Material shown |

★ ★ ★

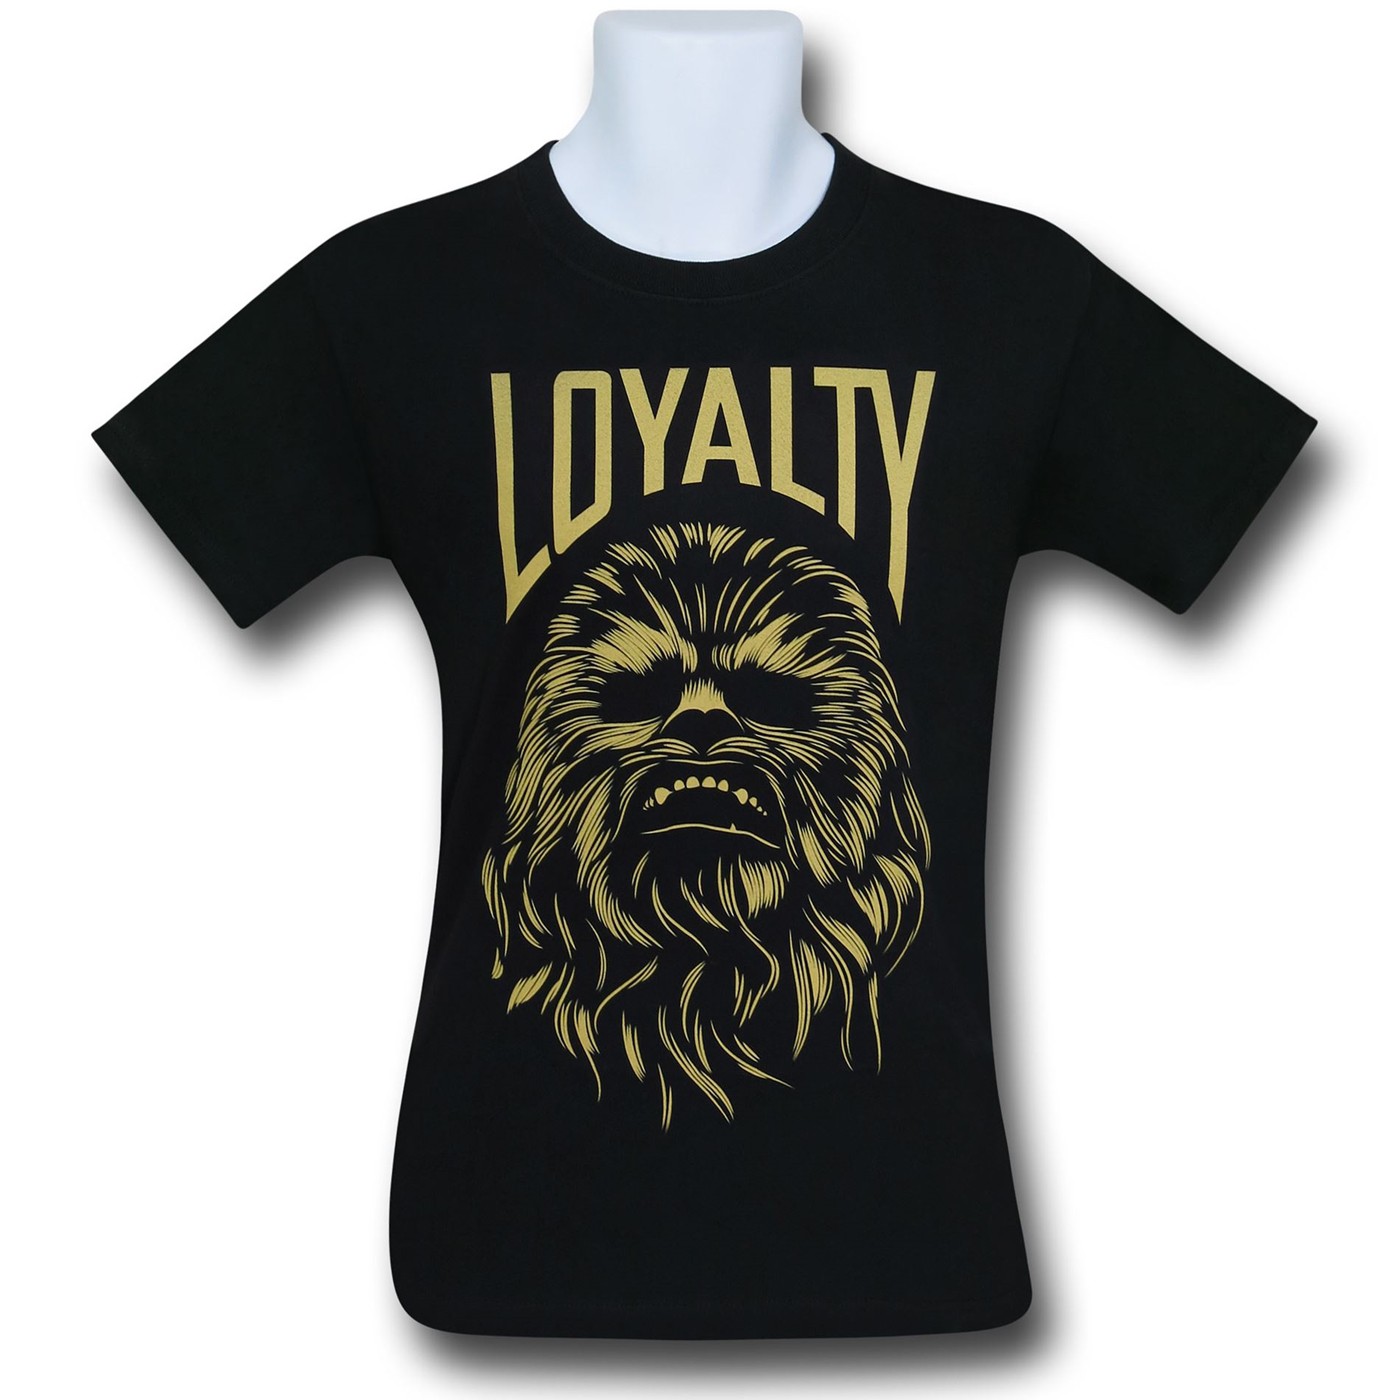 Star Wars Chewbacca Loyalty Men's T-Shirt
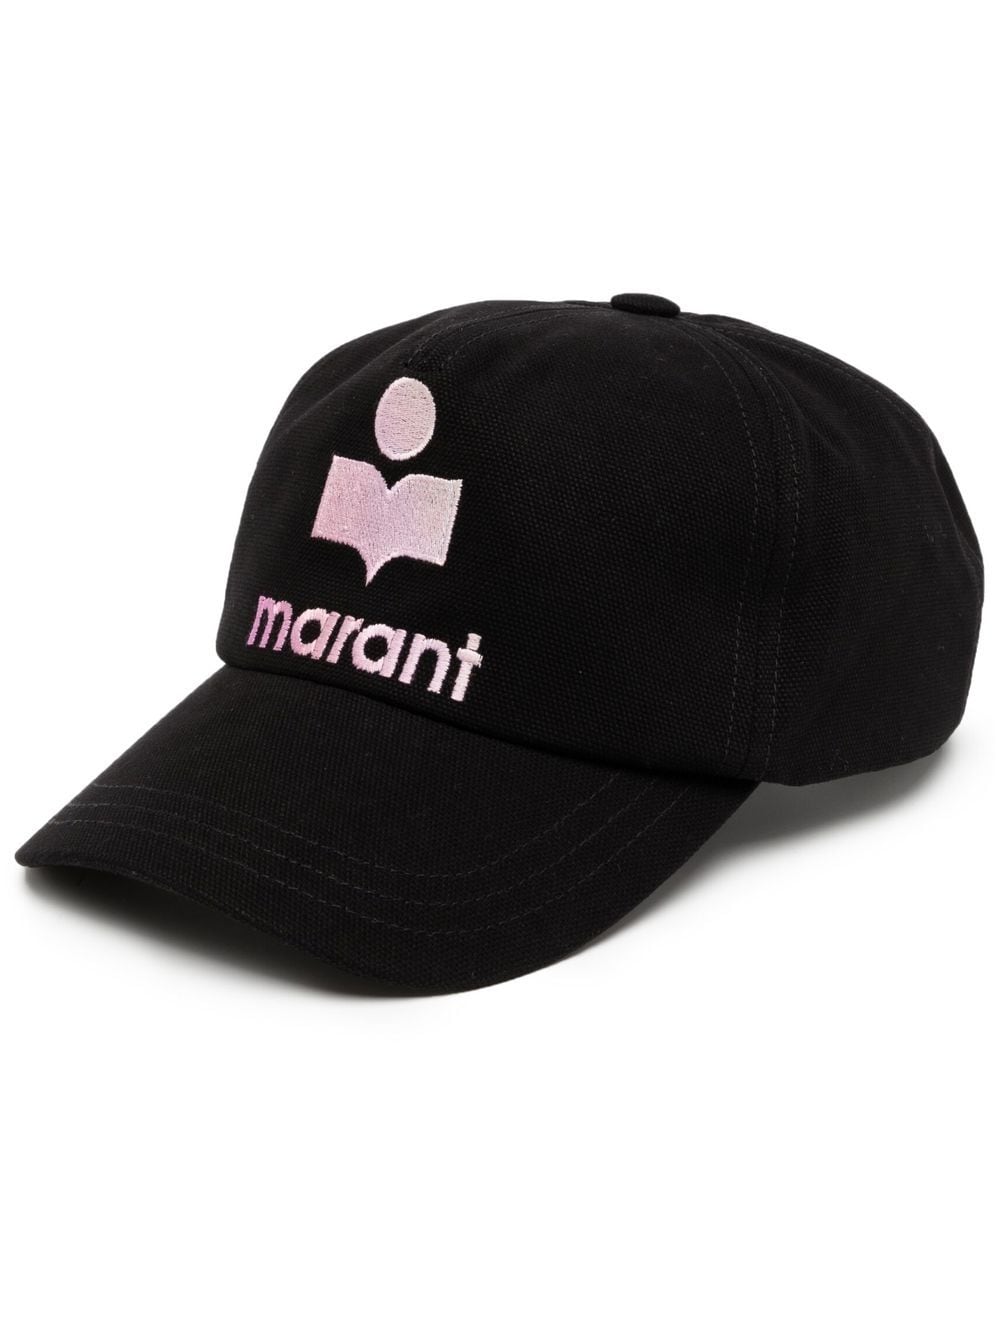 Shop Isabel Marant Embroidered-logo Baseball Cap
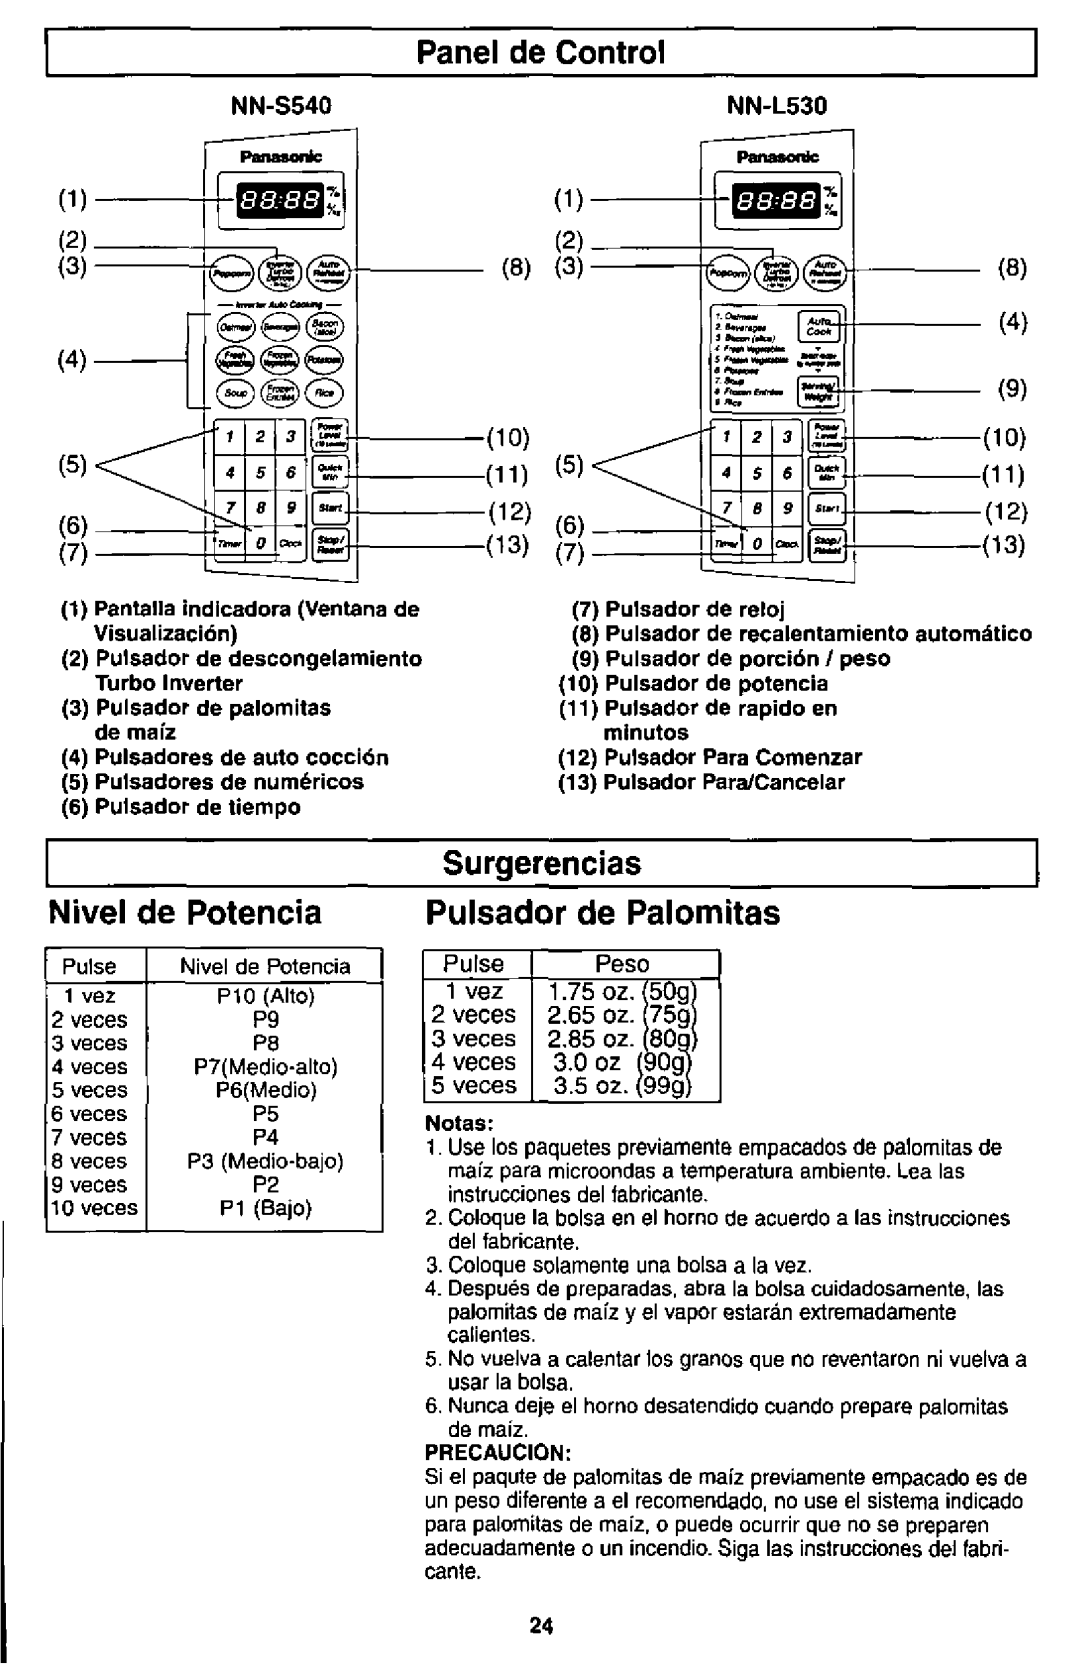 Panasonic NN-L530, NNS540 manual 
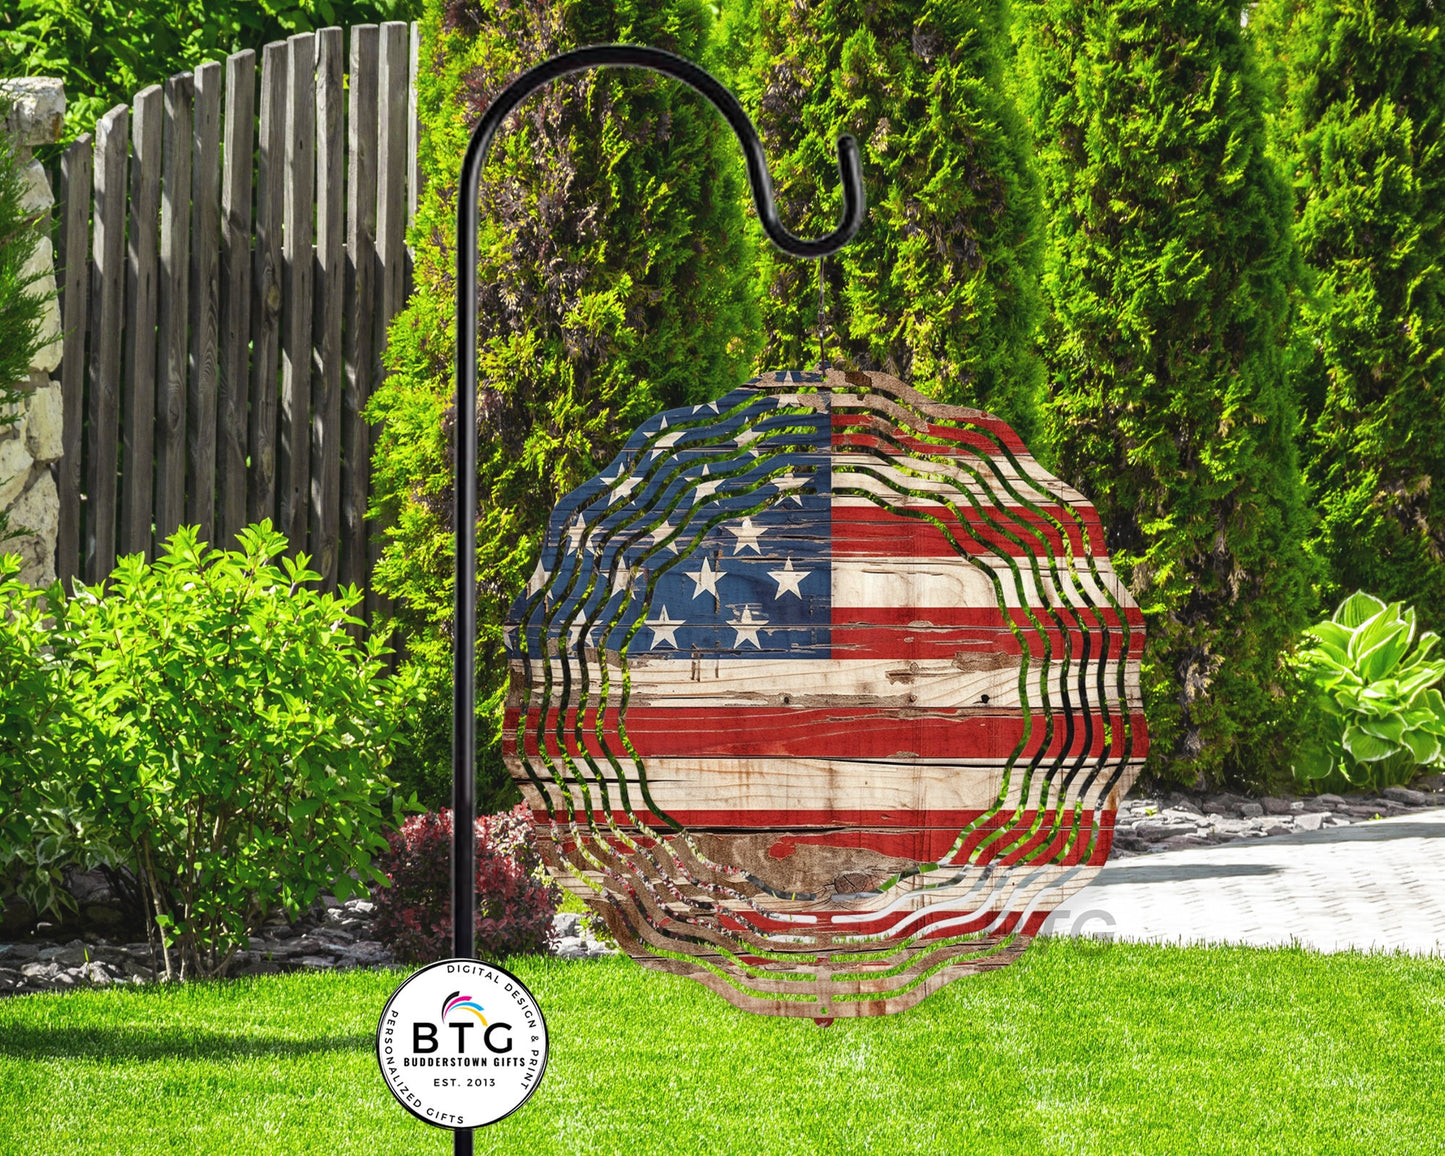 Patriotic Wind Spinner, American Flag, Patriotic Decor
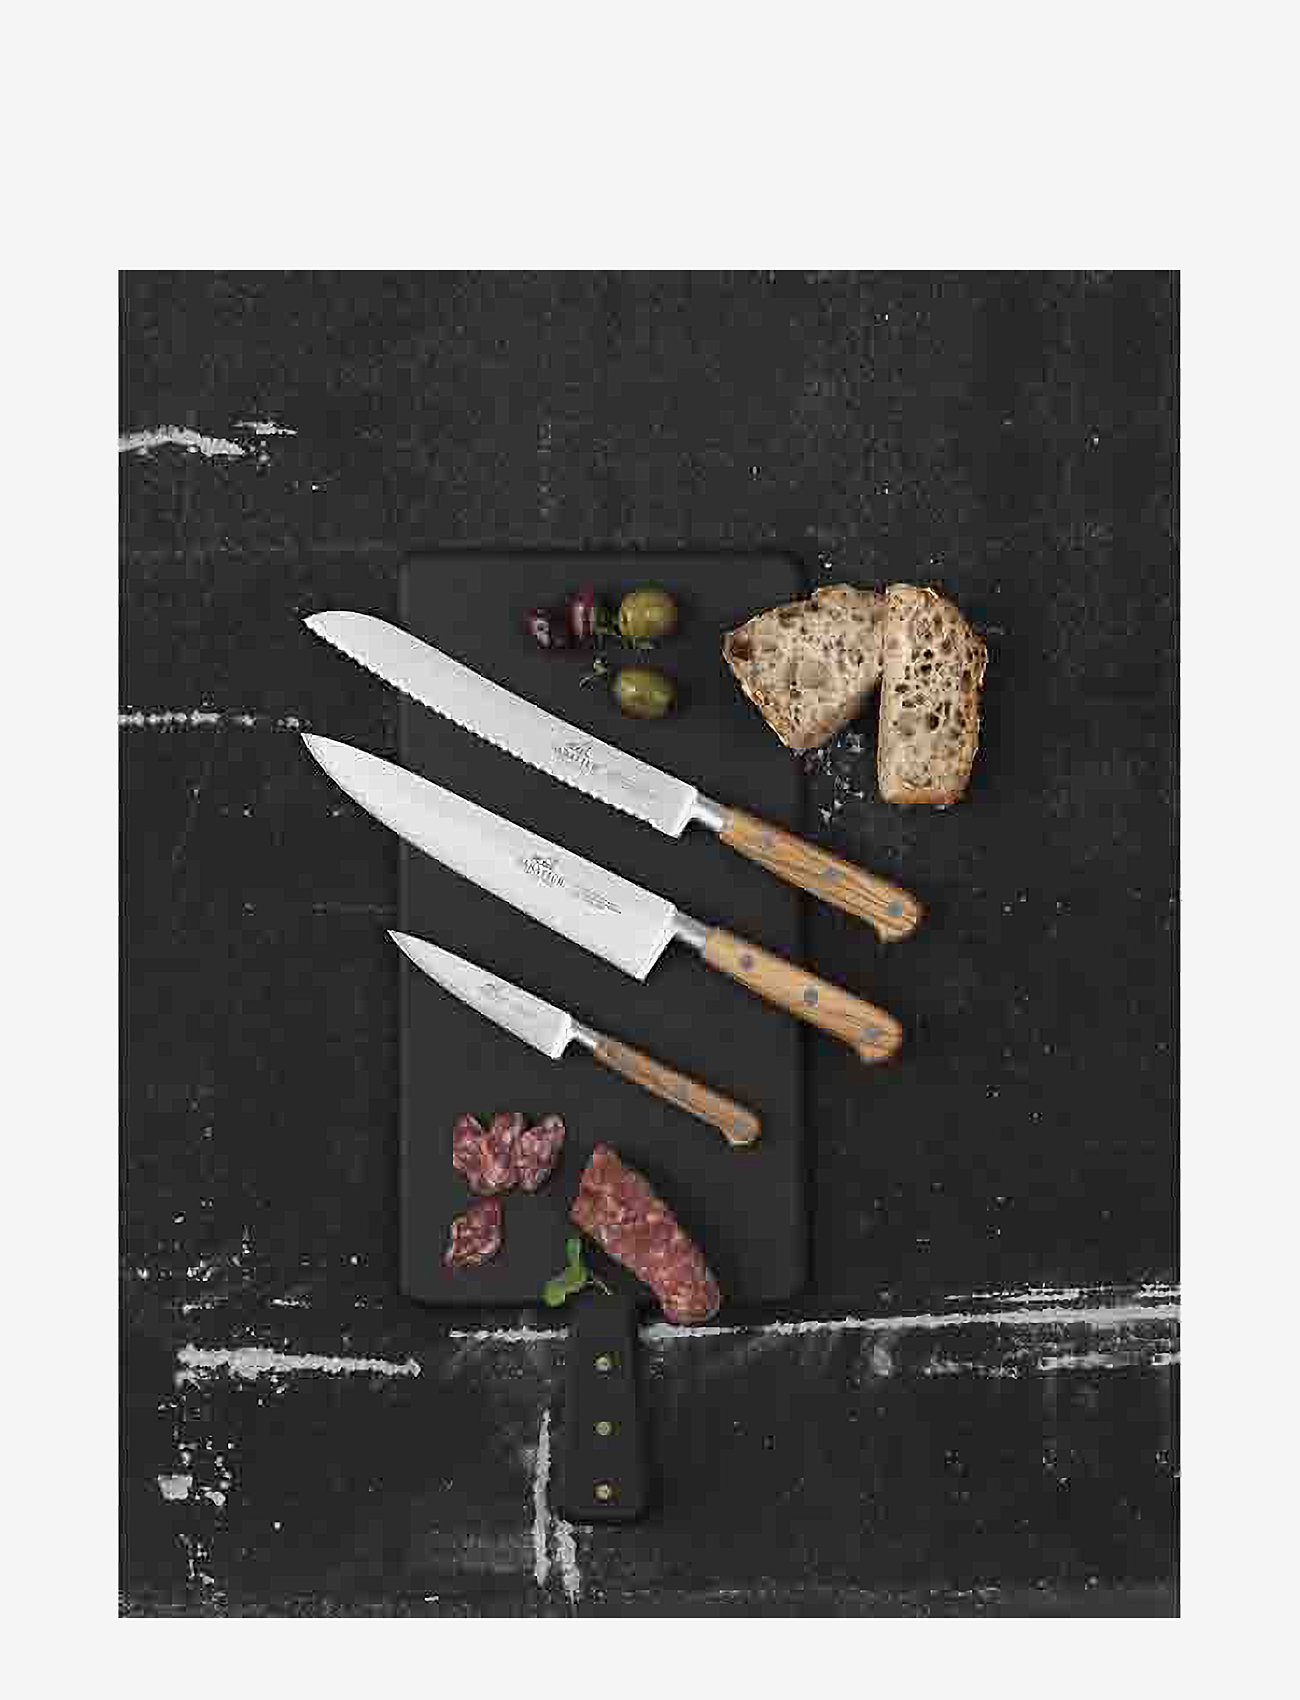 Lion Sabatier - Chef knife Ideal Provence 20cm - chef knives - steel/wood - 1

★ ★ ★

Your task |
Print the material exactly as given, but not the pictures.

Solved exercise |
 Star Wars Chewbacca Loyalty Men's T-Shirt
 Shop Isabel Marant Embroidered-logo Baseball Cap
 Panasonic NN-L530, NNS540 manual 
 Patriotic Wind Spinner, American Flag, Patriotic Decor
 Lion Sabatier - Chef knife Ideal Provence 20cm - chef knives - steel/wood - 1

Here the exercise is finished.